Двери лифта распахнулись. Миновав вестибюль и вращающиеся двери, Гарриман оказался на Вест-Стрит. Его мобильный телефон, который вибрировал один или два раза в течение последних минут его встречи с Озмианом, сейчас снова побеспокоил его вибросигналом. Он вынул его из кармана.

— Гарриман слушает.

— Брайс? Это Розали Эверетт.

Розали была одной из лучших подруг Шеннон Круа и занимала второе место в совете директоров фонда. Ее голос звучал необъяснимо взволновано.

— Да, Рози.
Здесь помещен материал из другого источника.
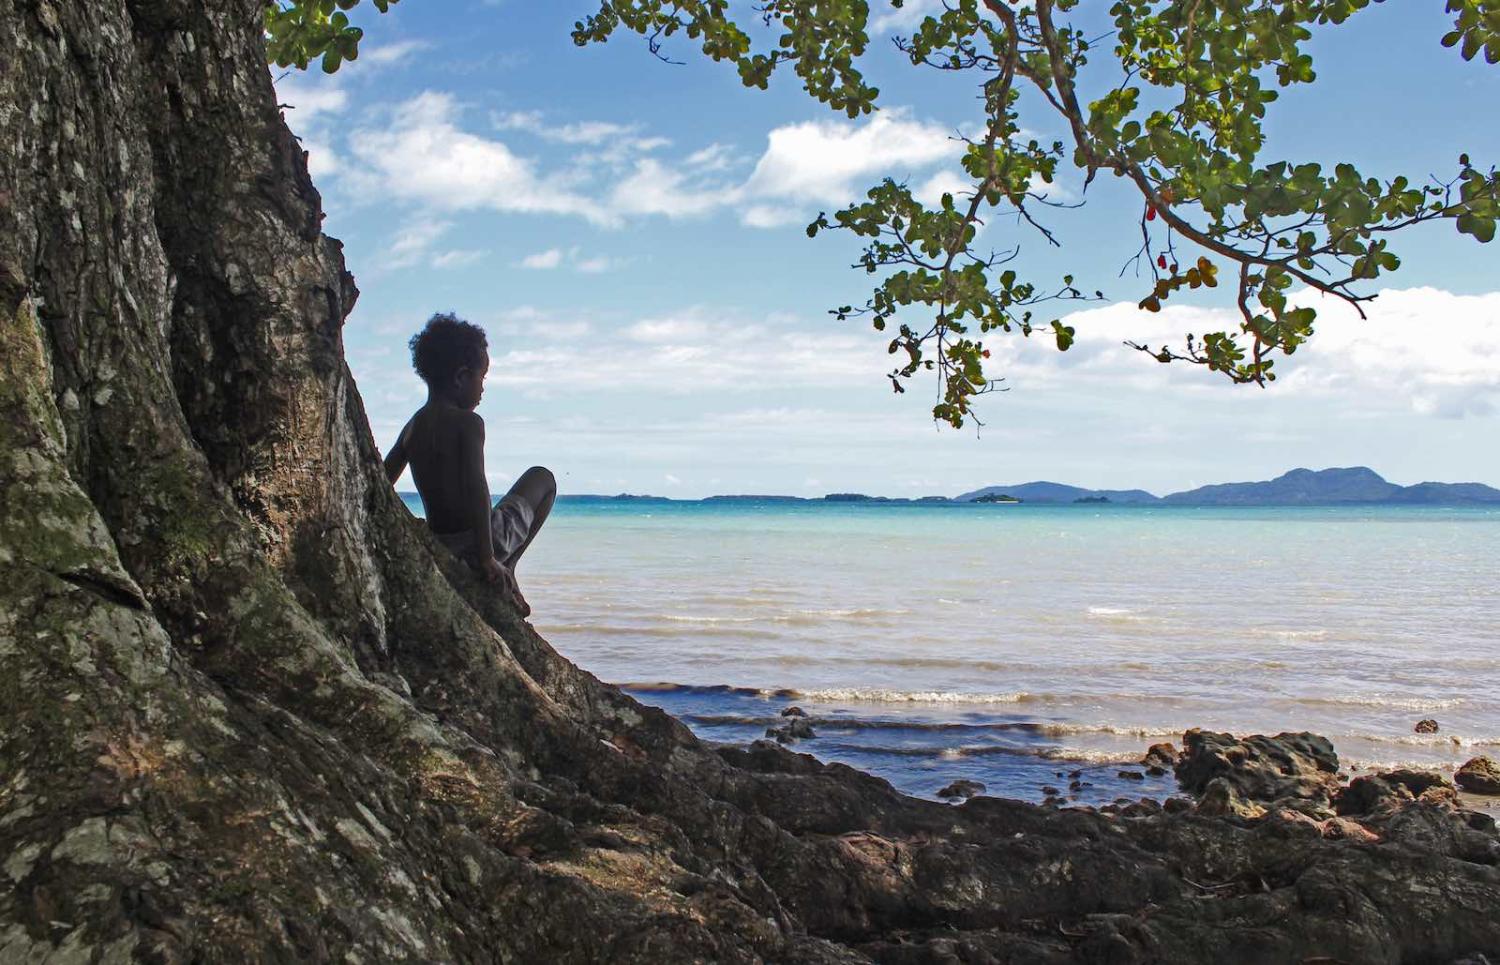 Buka, Bougainville (Photo: Looks like Antman/Flickr)
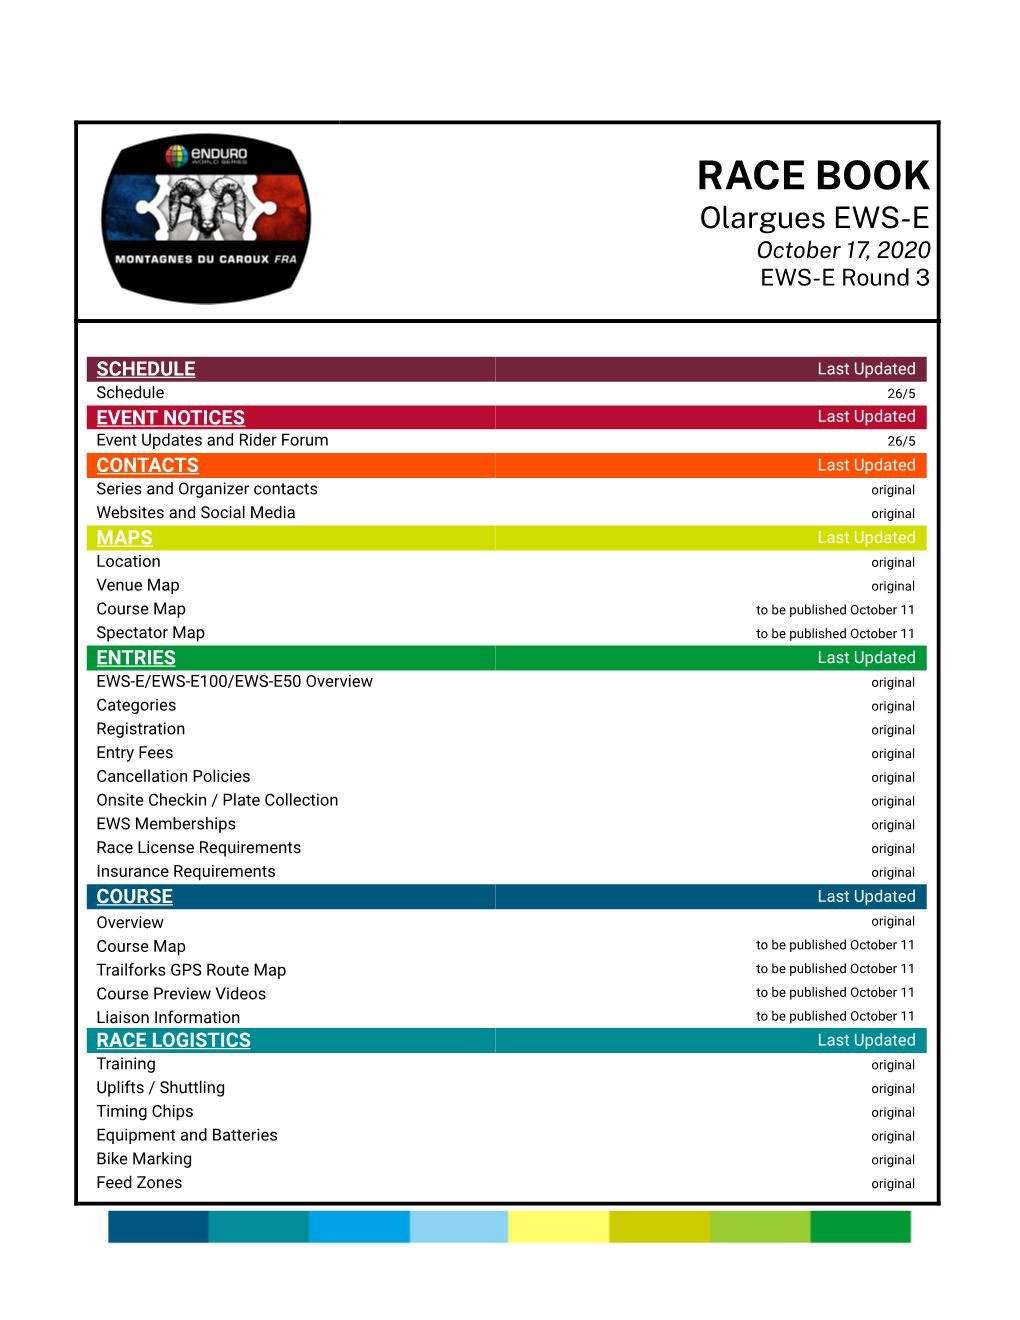 RACE BOOK Olargues EWS-E October 17, 2020 EWS-E Round 3

Что случилось?

— Брайс, даже не знаю, как это сказать, и, тем более, не знаю, что с этим делать... но я только что получила по электронной почте целый ряд писем, содержащих кучу документов — финансовых документов. Похоже, их отправили случайно, только пять минут назад. Я не бухгалтер, но, похоже, все активы фонда — чуть меньше полутора миллионов долларов — были переведены с нашего бизнес-счета на частный счет на Каймановых островах, зарегистрированный на твое имя.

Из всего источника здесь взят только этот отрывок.